I resigned myself to the task but made a new playlist on iTunes and set the volume pretty high on my computer about ten feet away. With no TV plot and old favorite songs of mine playing, I plucked away, one stinkin' stitch by one stinkin' stitch. The diversion worked. Thankfully I was able to lose track of time instead of losing track of the plot of some show. Here are my houses, stitch-free and steamed as best I could to camouflage the crooked trail of needle holes.

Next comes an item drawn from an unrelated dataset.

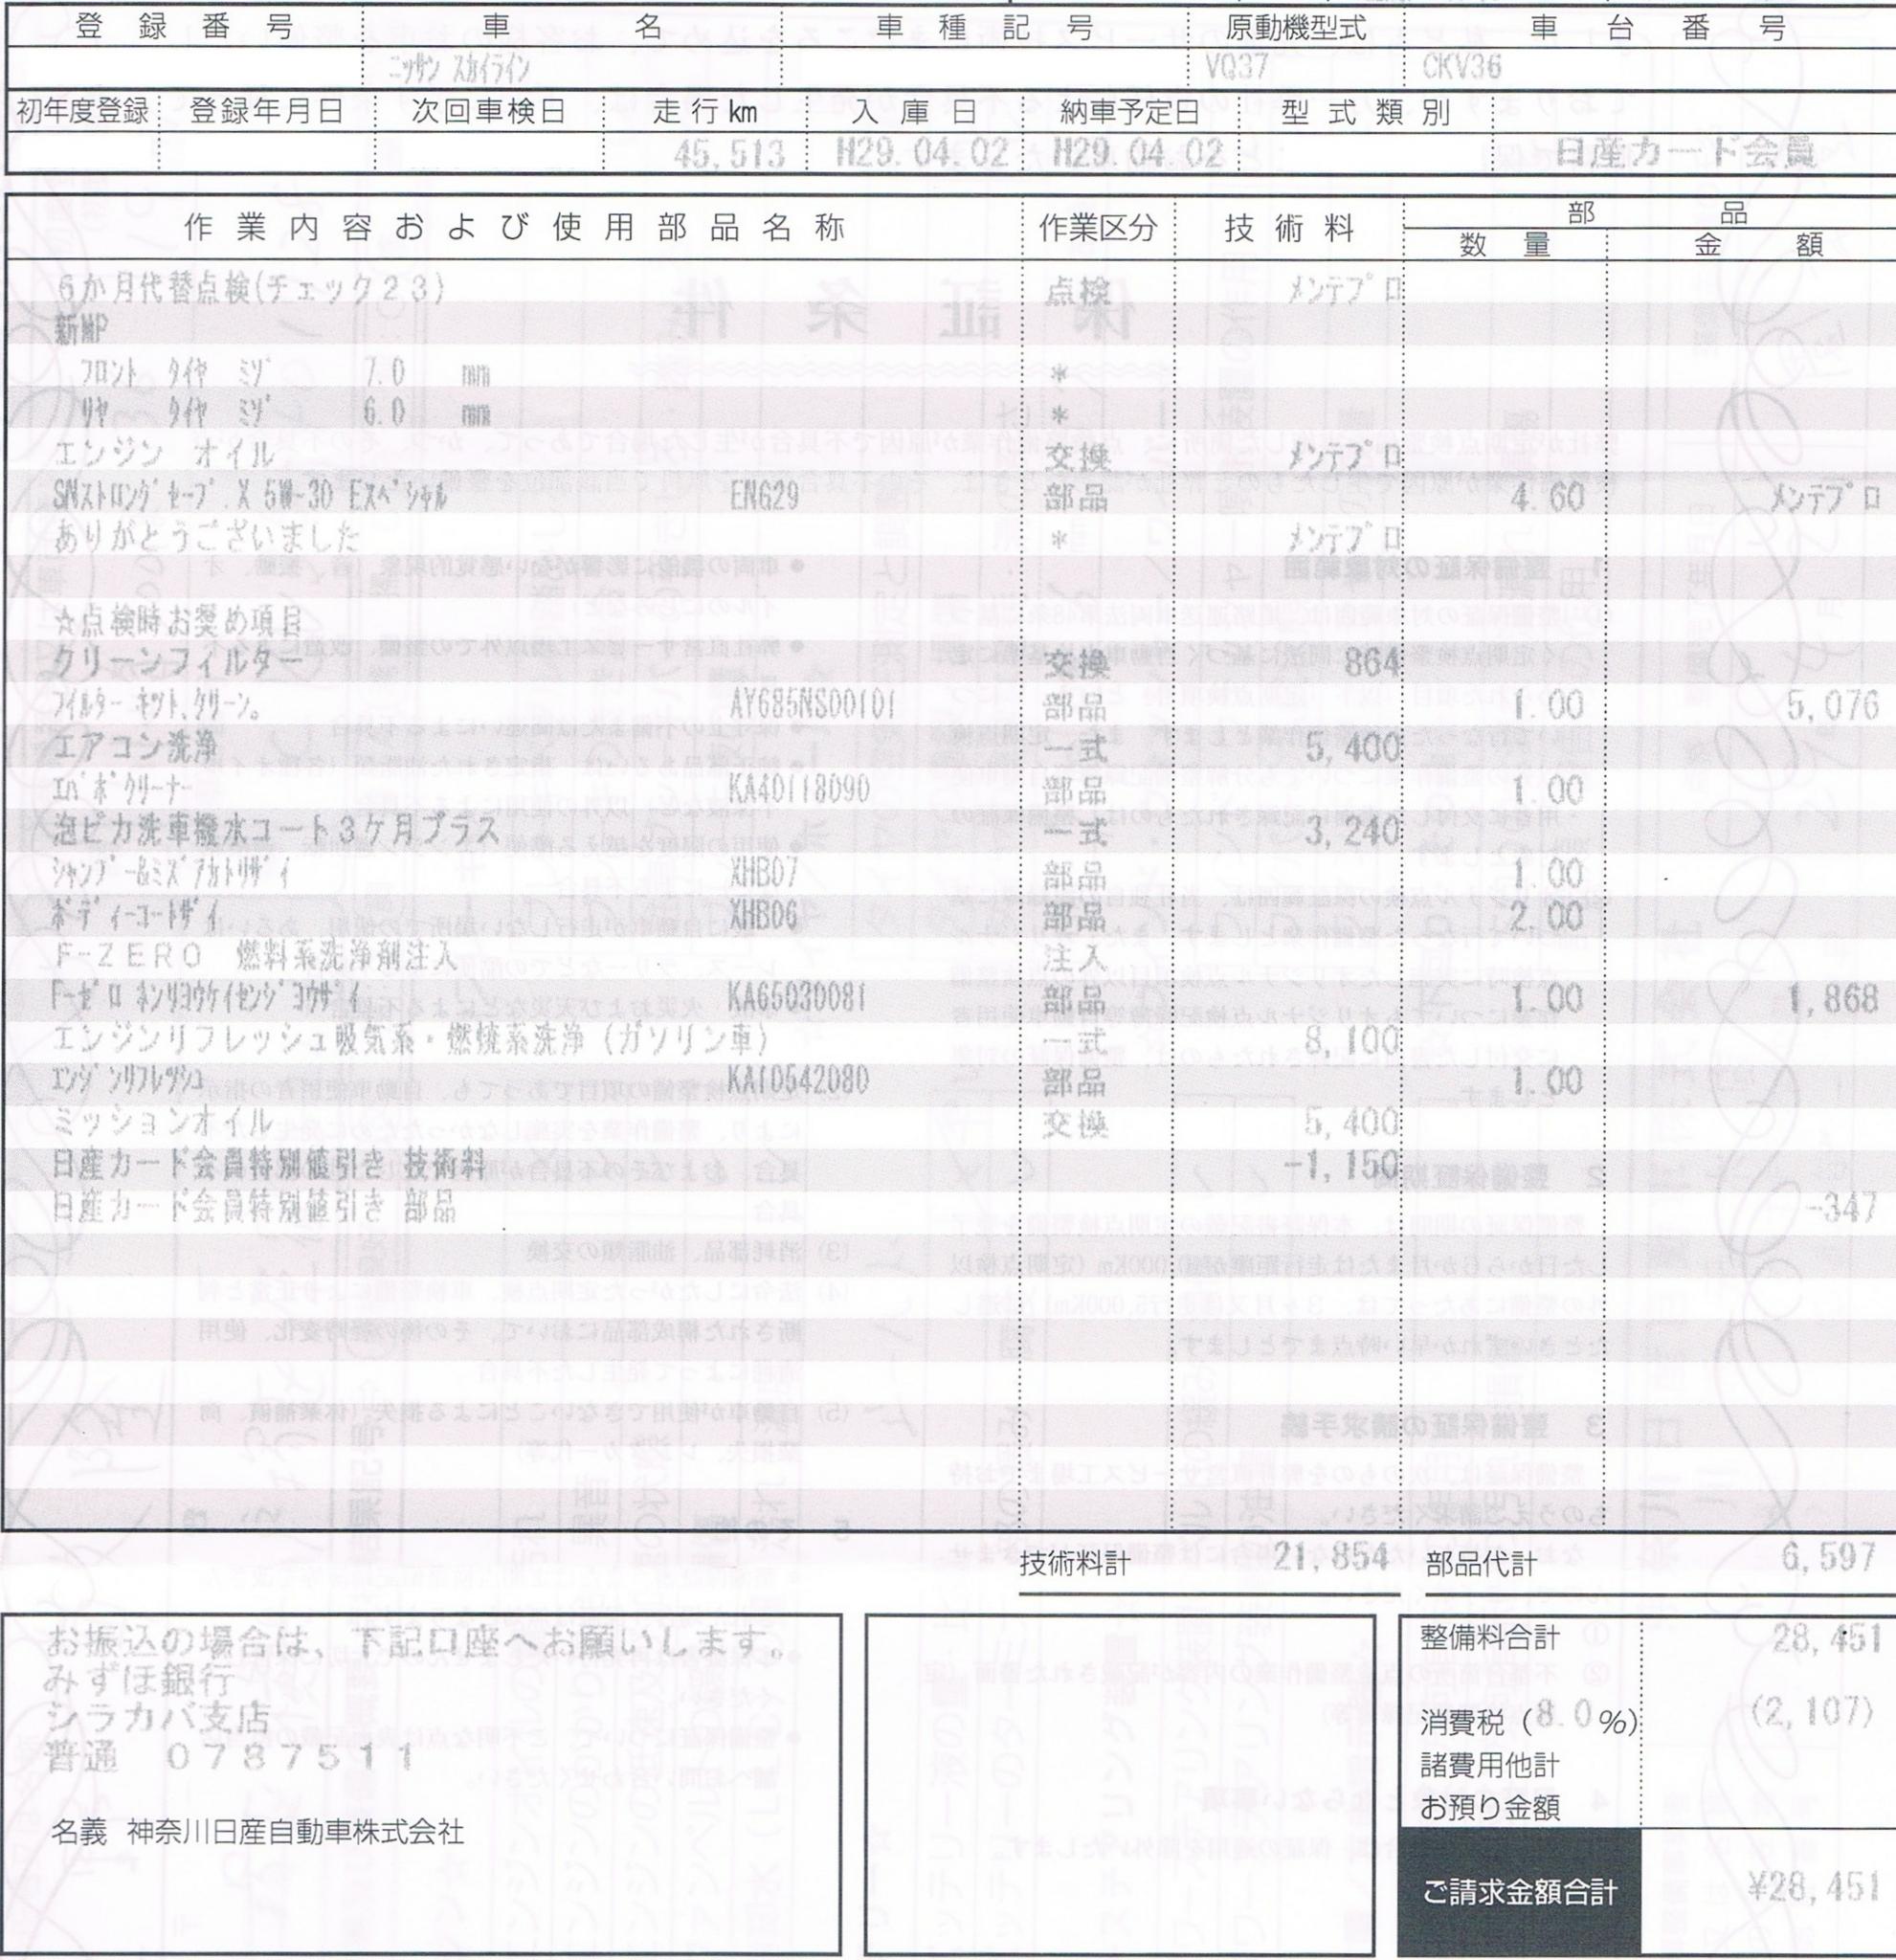 f:id:ToshUeno:20170402203112j:plain

Now, how to FMQ the houses? I considered close together vertical lines in the triangular shaped gables. I considered fish tail scallops on the gold house. I considered a brick pattern on the brick colored house. Then the acronym KISS –
Keep
It
Simple
Stupid – hit me like a lead brick. I'd consider myself an idiot if I put in something so complicated I would be ripping it all out again. I switched to my domestic Pfaff and straight stitched lines both ⅛" inside and ⅛" outside the doors and windows. I also added straight lines outlining the house itself. Yes, I did need to do a fair amount of turning, but that turning took me far less time to put in, than those first crooked lines took me to take out. So that the stitch lines did not look too plain, I kept with my choice of the slate blue thread I had used everywhere else. The seam lines looked a bit like the decorative top stitching on jeans and I was pleased with the effect.
I am much happier with the final wallhanging. Sometimes you just have to bite the bullet and do what makes you happy – advice about "visibility from a galloping horse" be damned.